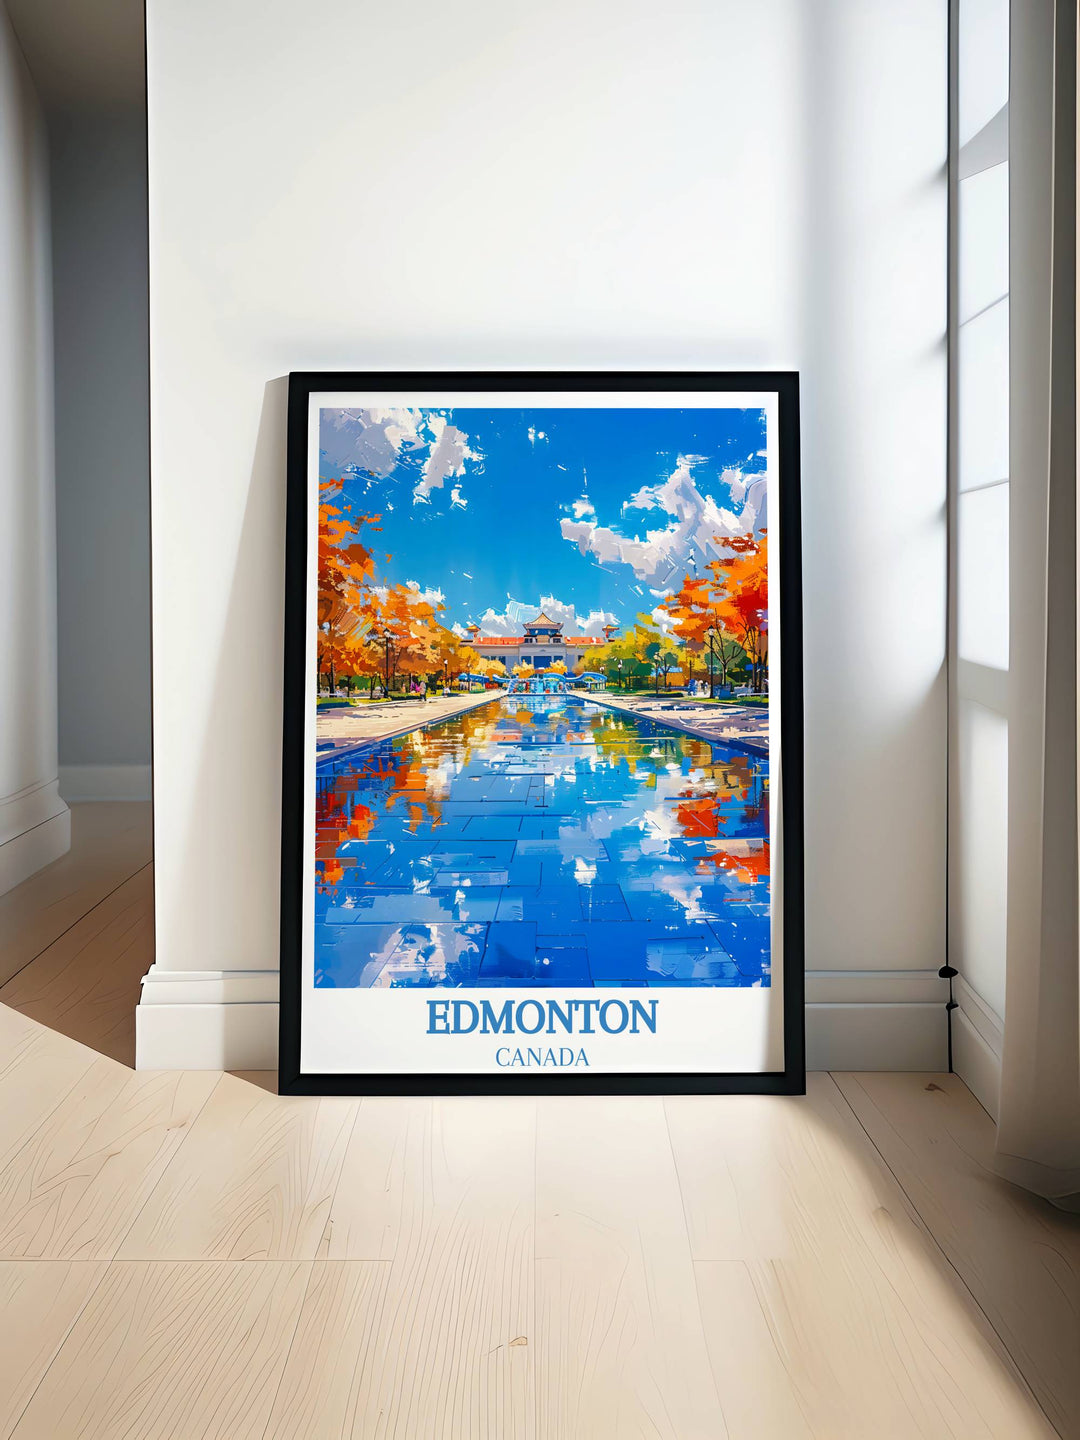 dmonton City Poster Print featuring the vibrant downtown skyline at sunset, available at MapYourDreams, perfect for adding a touch of urban elegance to any room.
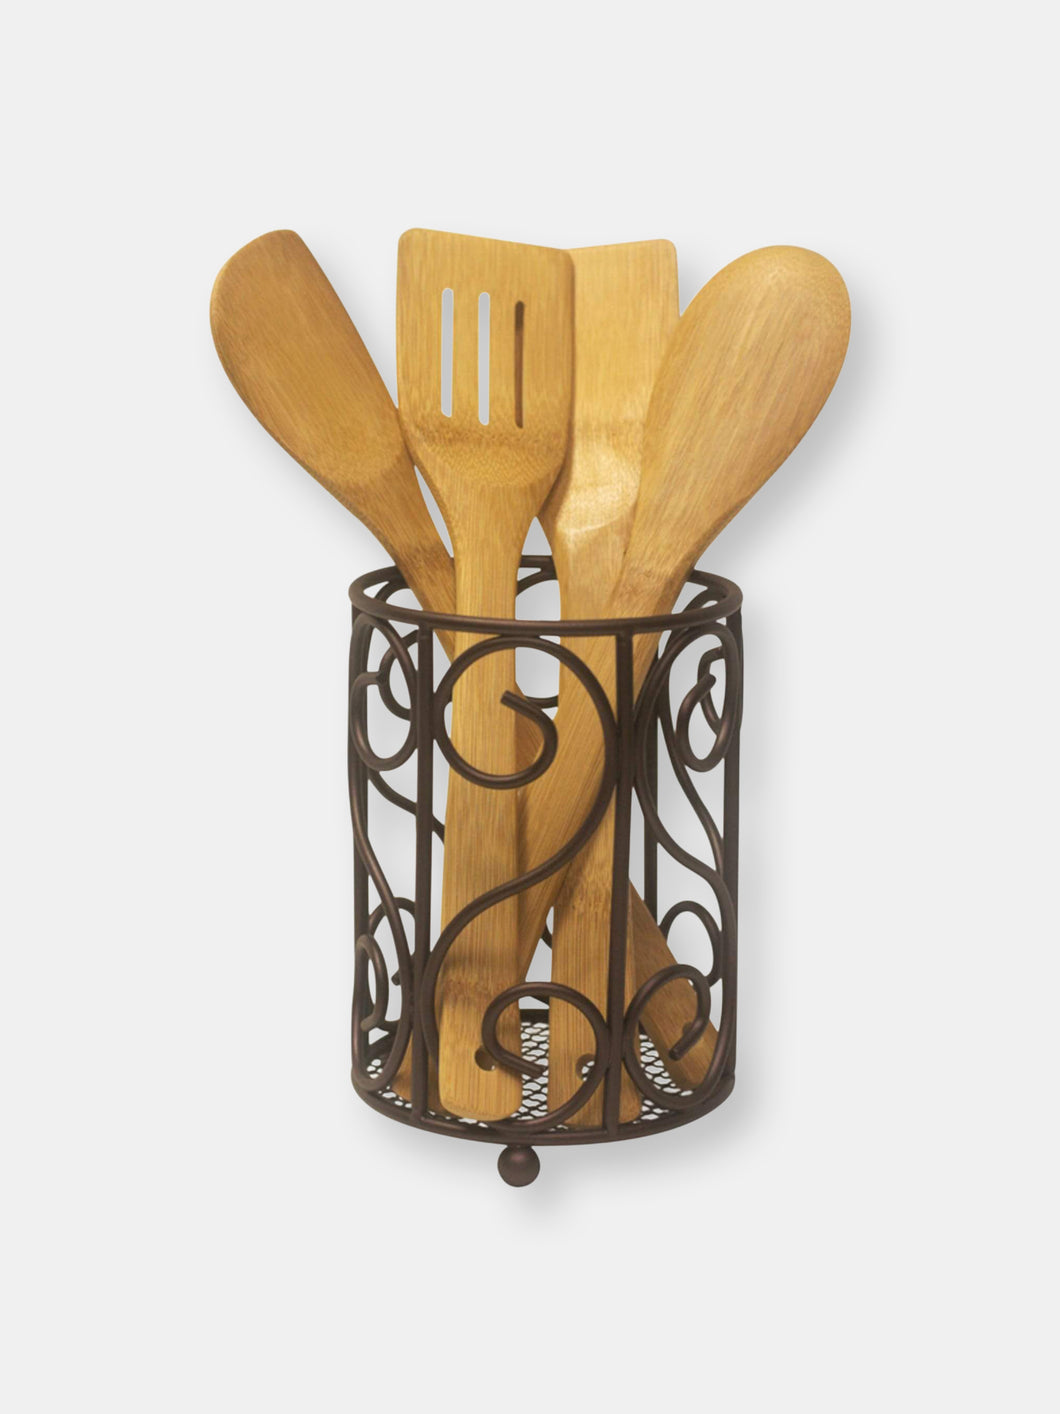 Scroll Collection Steel Cutlery Holder with Mesh Bottom and Non-Skid Feet, Bronze
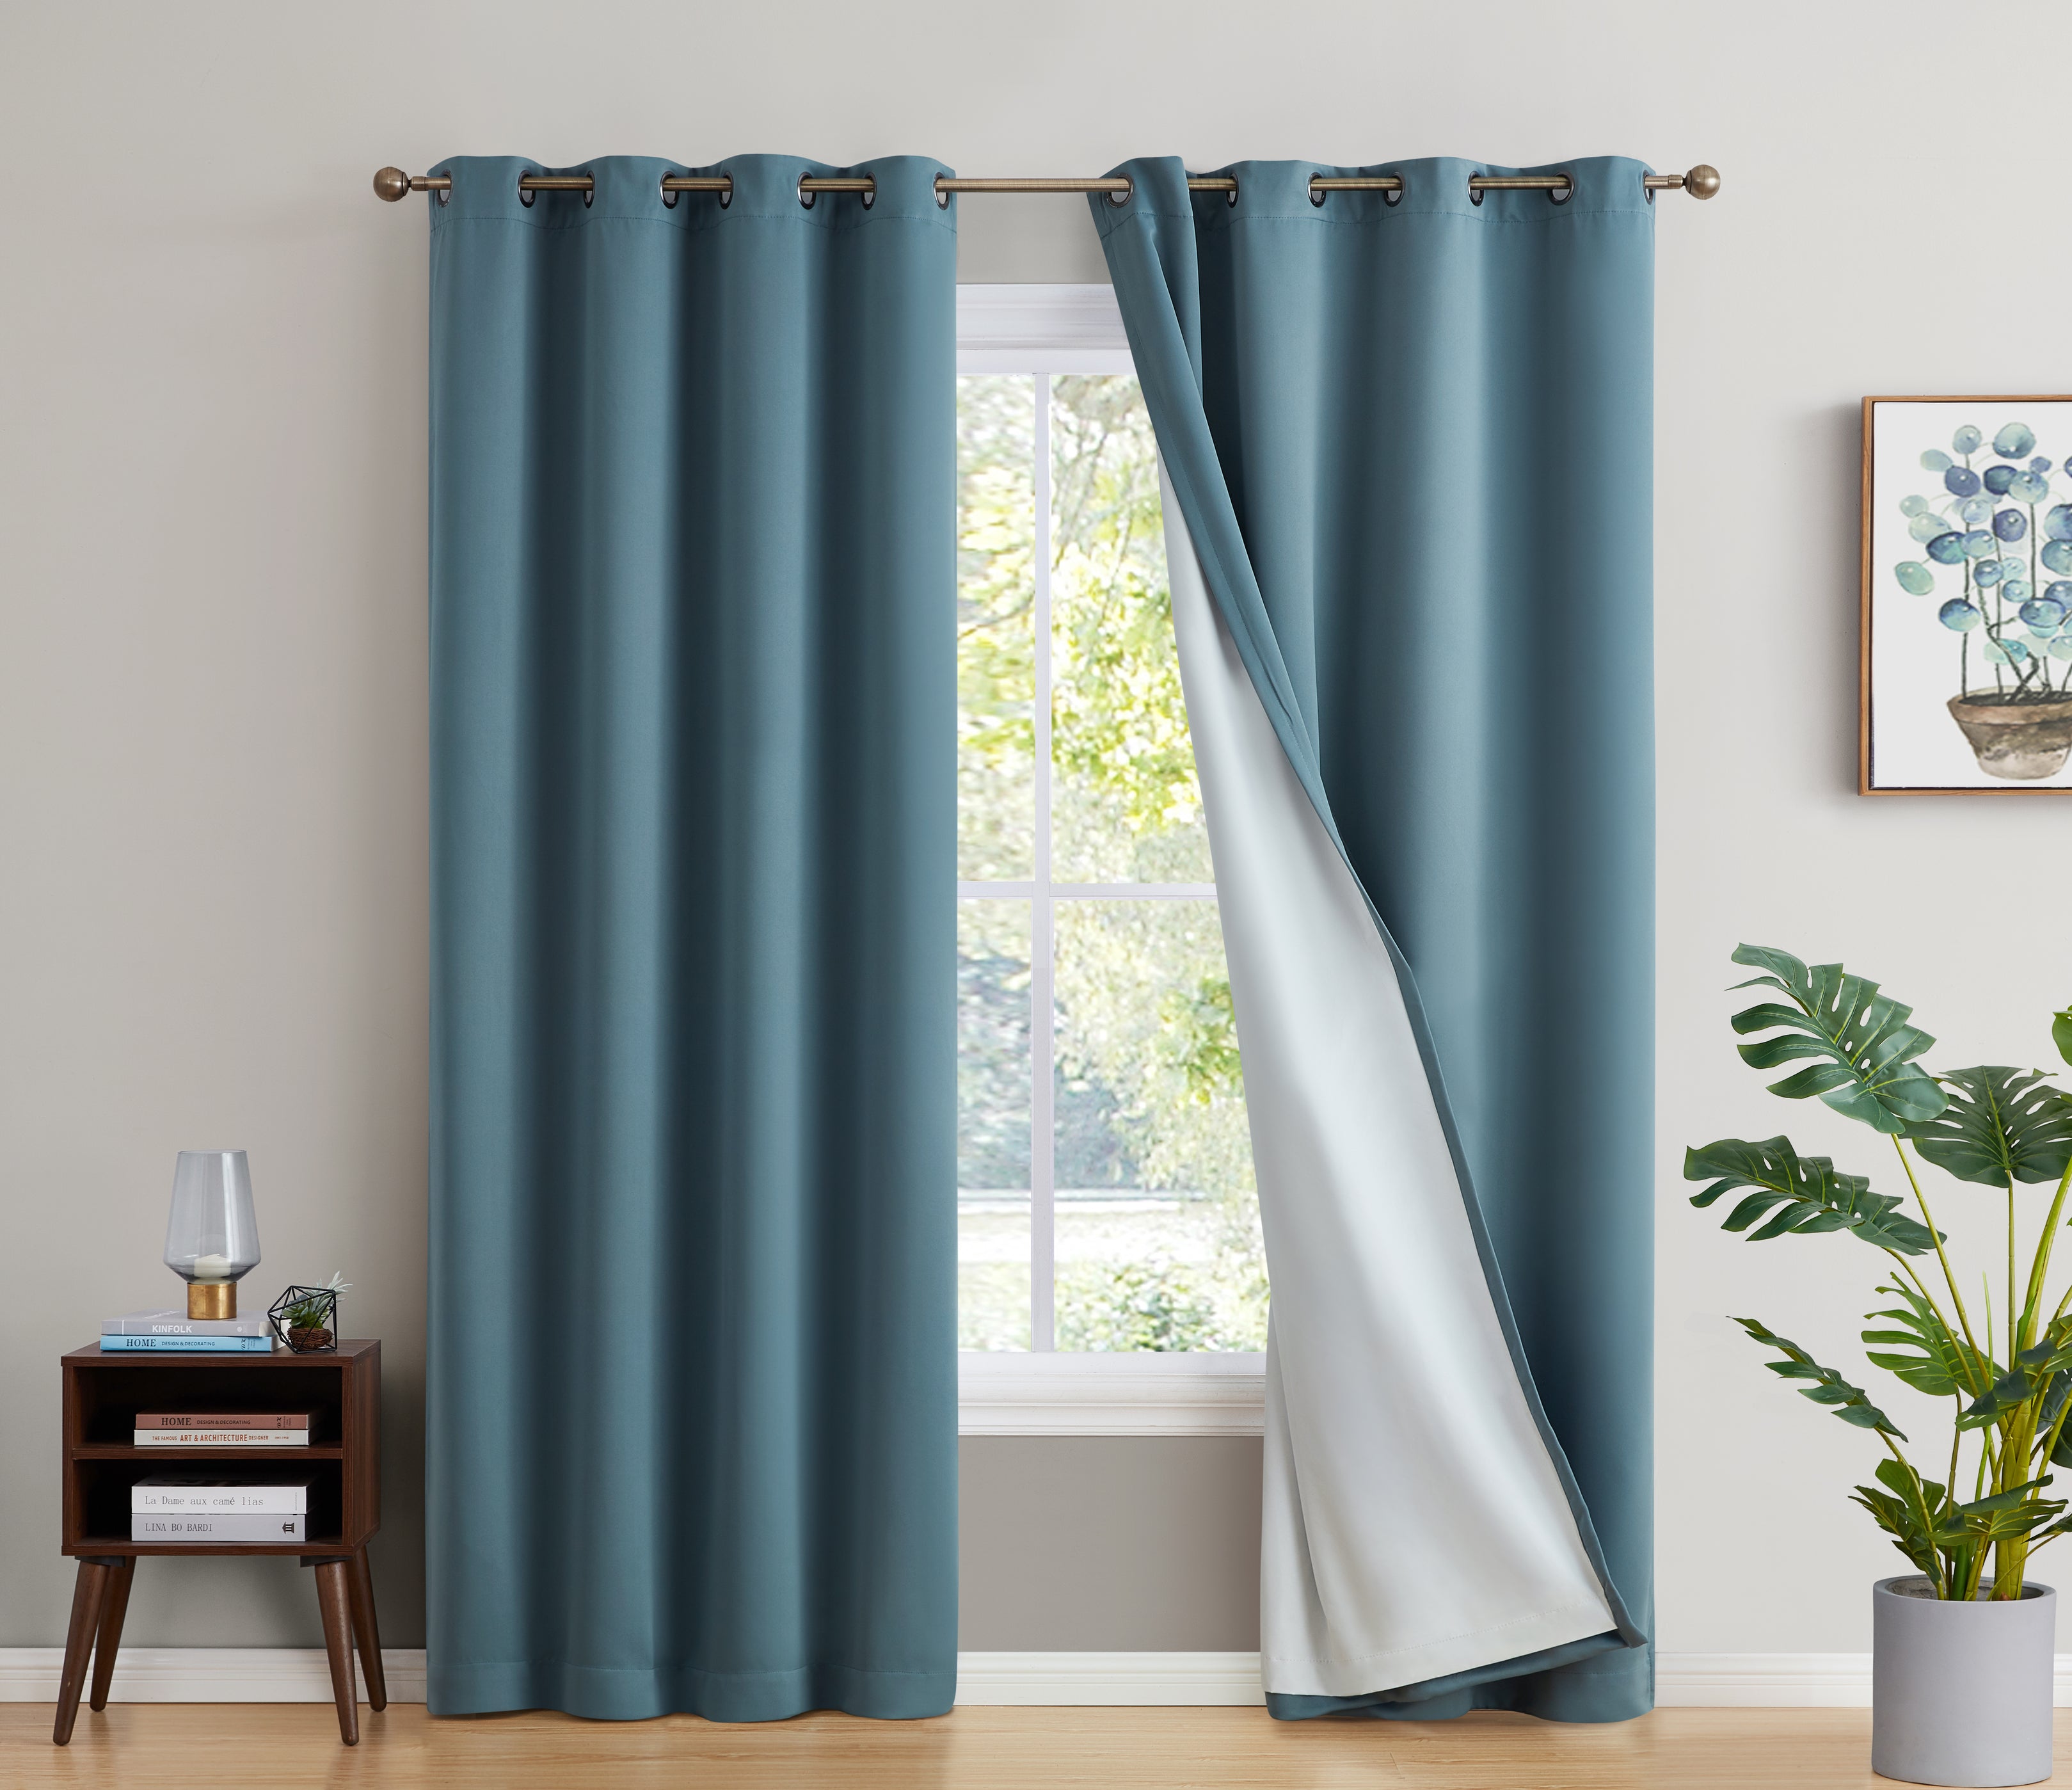 100% Blackout Curtains with Insulight Membrane
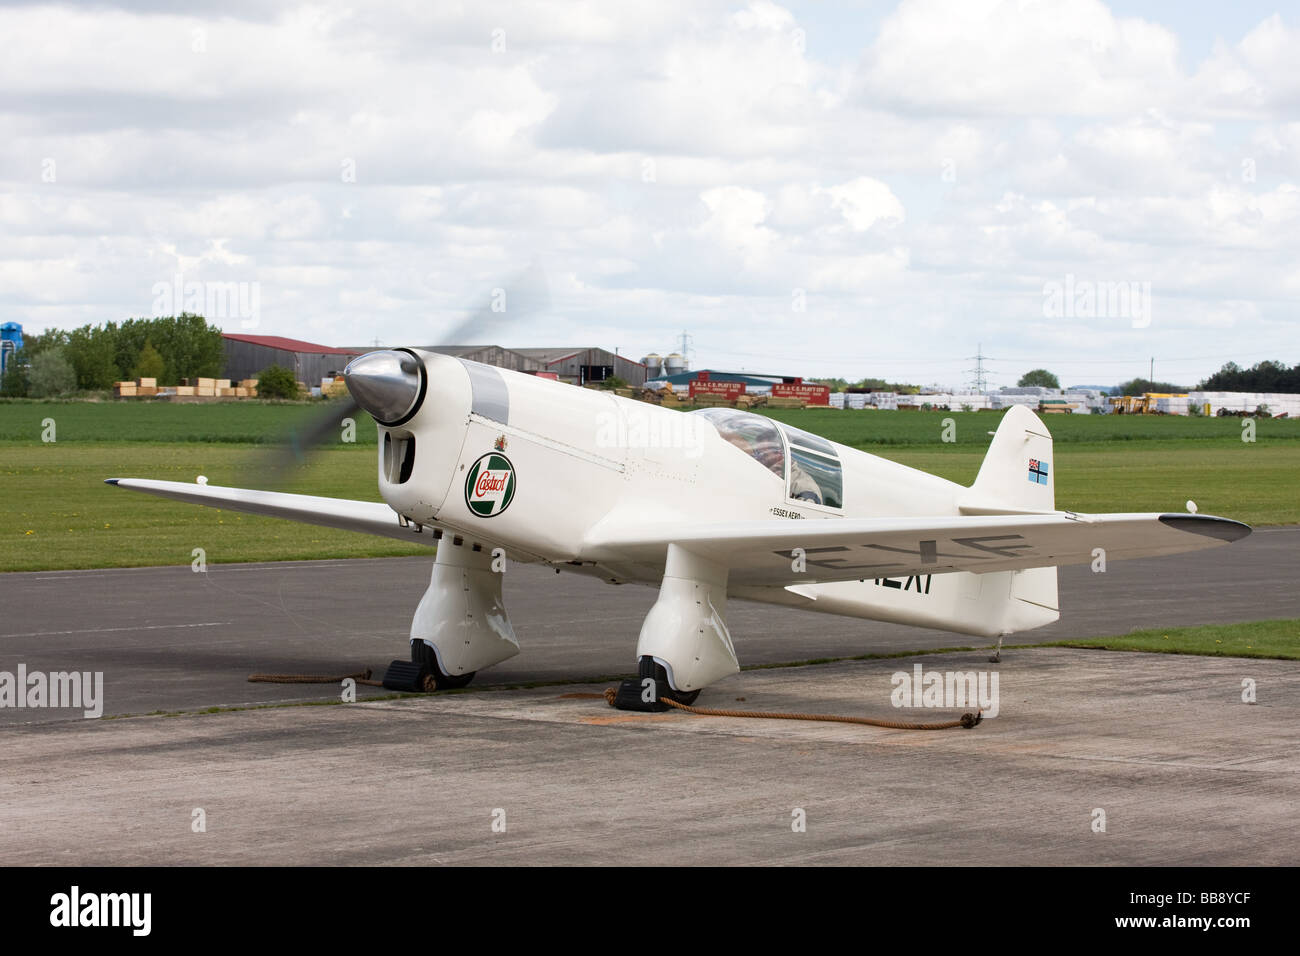 Percival Mew Gull G-AEXF parked at Breighton Airfield with engine running Stock Photo
□ □ □ □ □ □ □
> Work order:
Copy out the lines exactly as written, beginning with the one that contains "Scroll Collection Steel" and ending with the last line of the material; do not include pictures.

> Result:
 Scroll Collection Steel Cutlery Holder with Mesh Bottom and Non-Skid Feet, Bronze
 100% Blackout Curtains with Insulight Membrane
 Percival Mew Gull G-AEXF parked at Breighton Airfield with engine running Stock Photo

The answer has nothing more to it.